### RECORDED INFORMATION
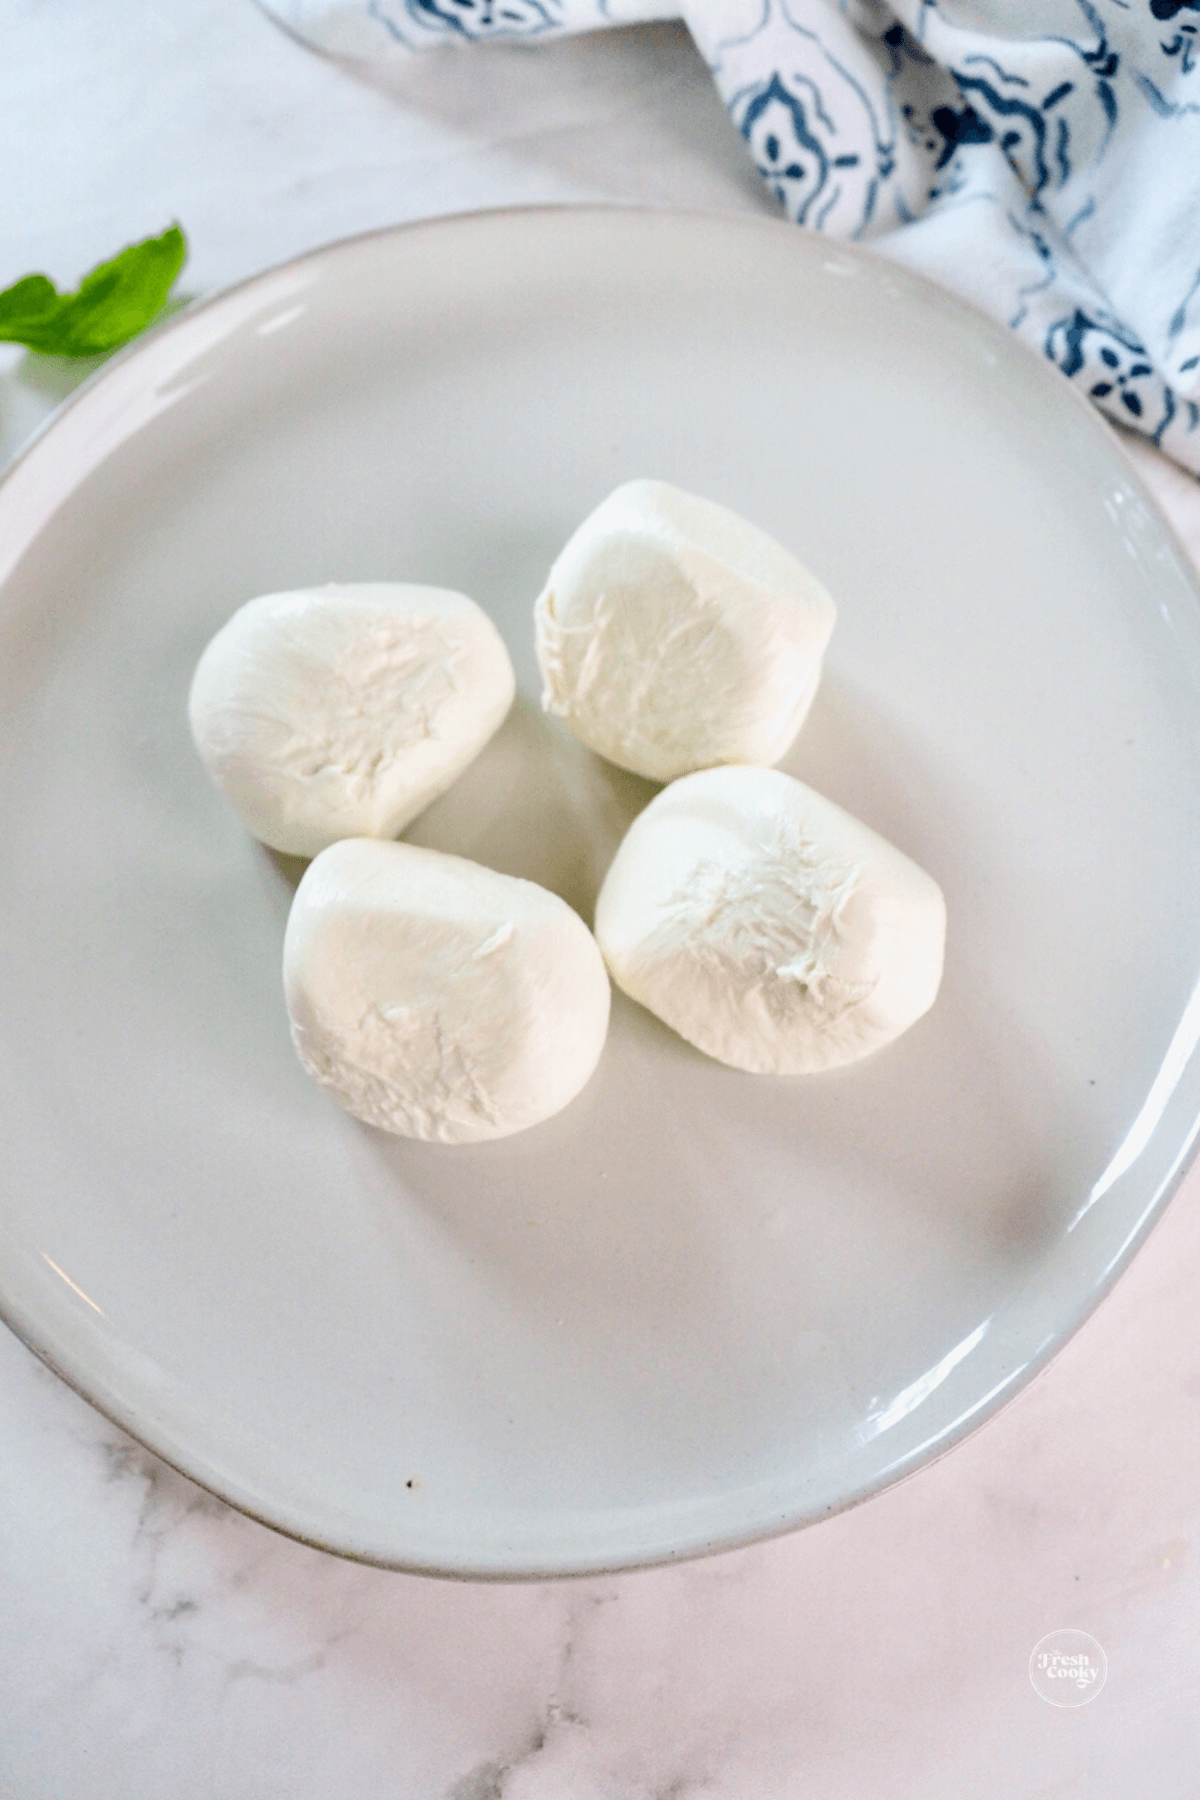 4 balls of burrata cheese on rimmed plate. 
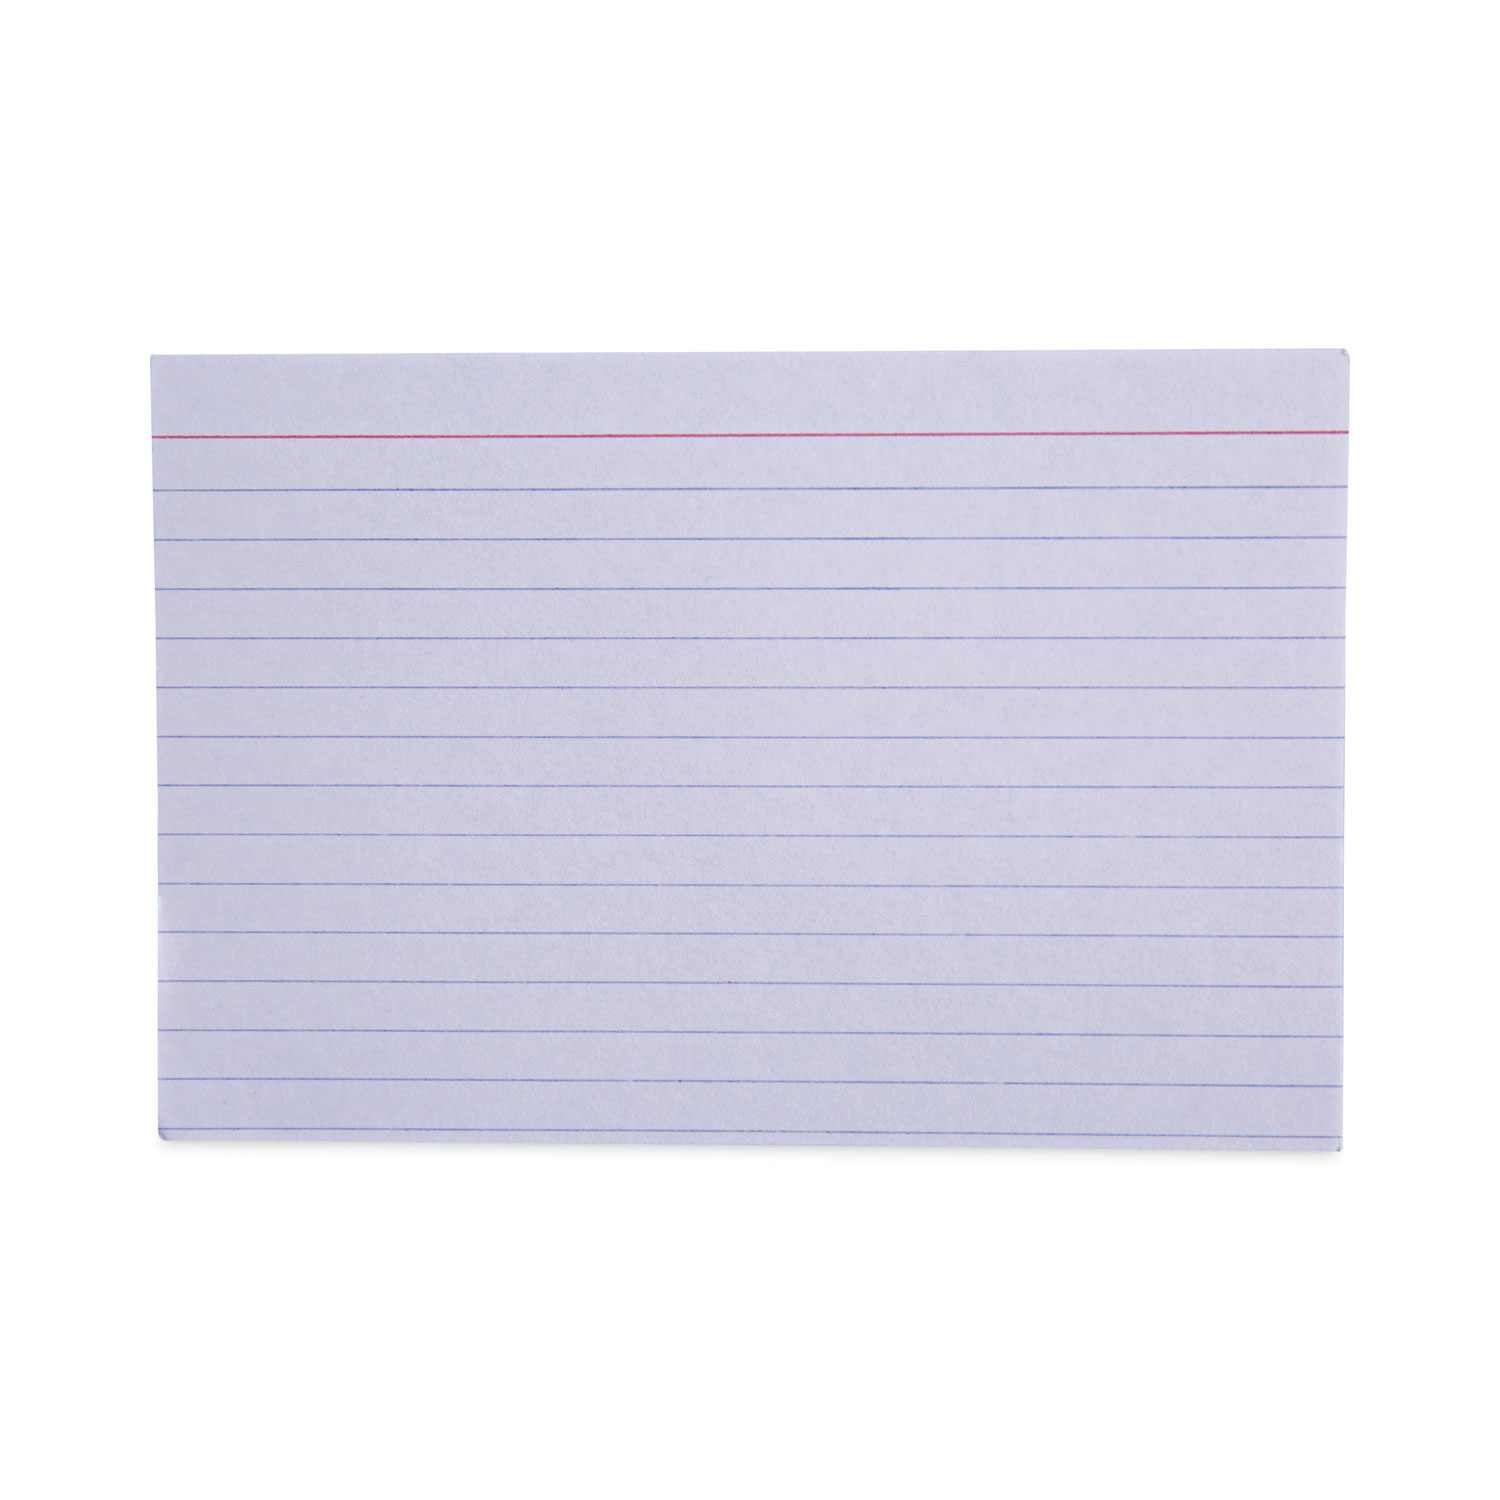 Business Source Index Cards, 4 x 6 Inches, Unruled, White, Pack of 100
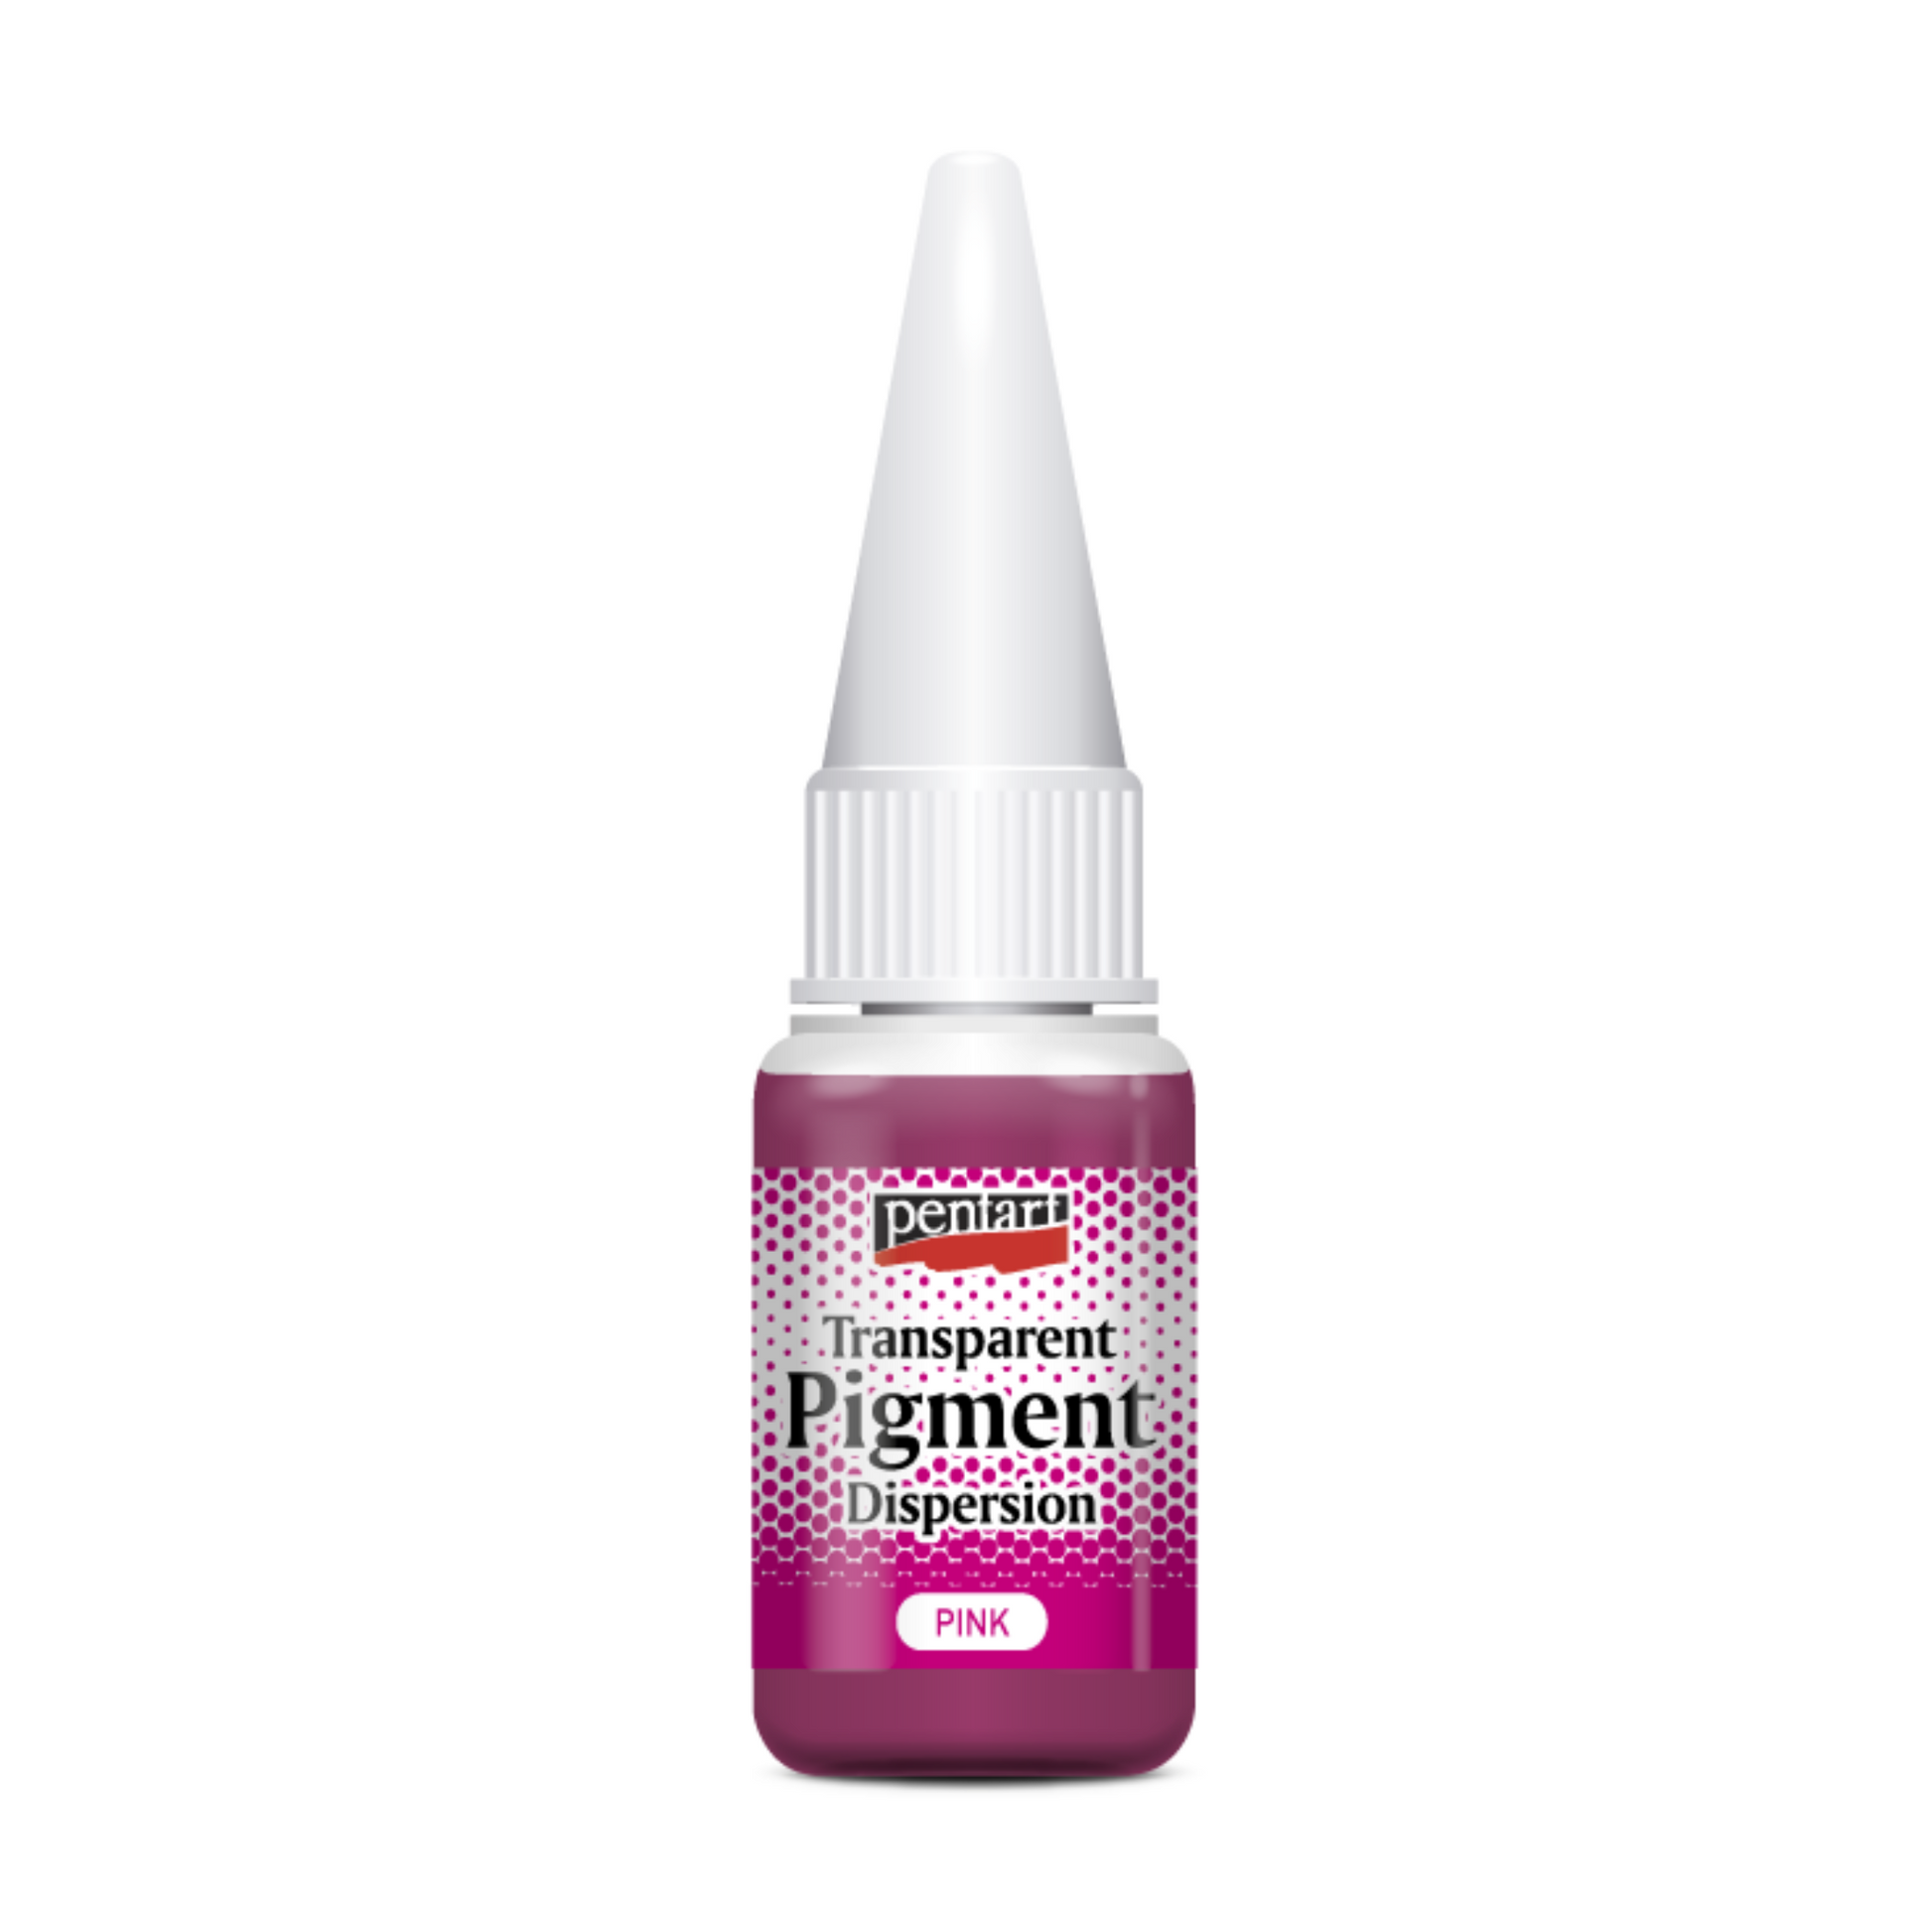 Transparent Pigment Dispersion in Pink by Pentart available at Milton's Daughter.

### EXERCISE AIM
Reproduce the lines of the listing exactly, starting at the one that contains "Business Source Index" and continuing through the final line, but leave out the pictures.

### RESPONSE
 Business Source Index Cards, 4 x 6 Inches, Unruled, White, Pack of 100
 Transparent Pigment Dispersion in Pink by Pentart available at Milton's Daughter.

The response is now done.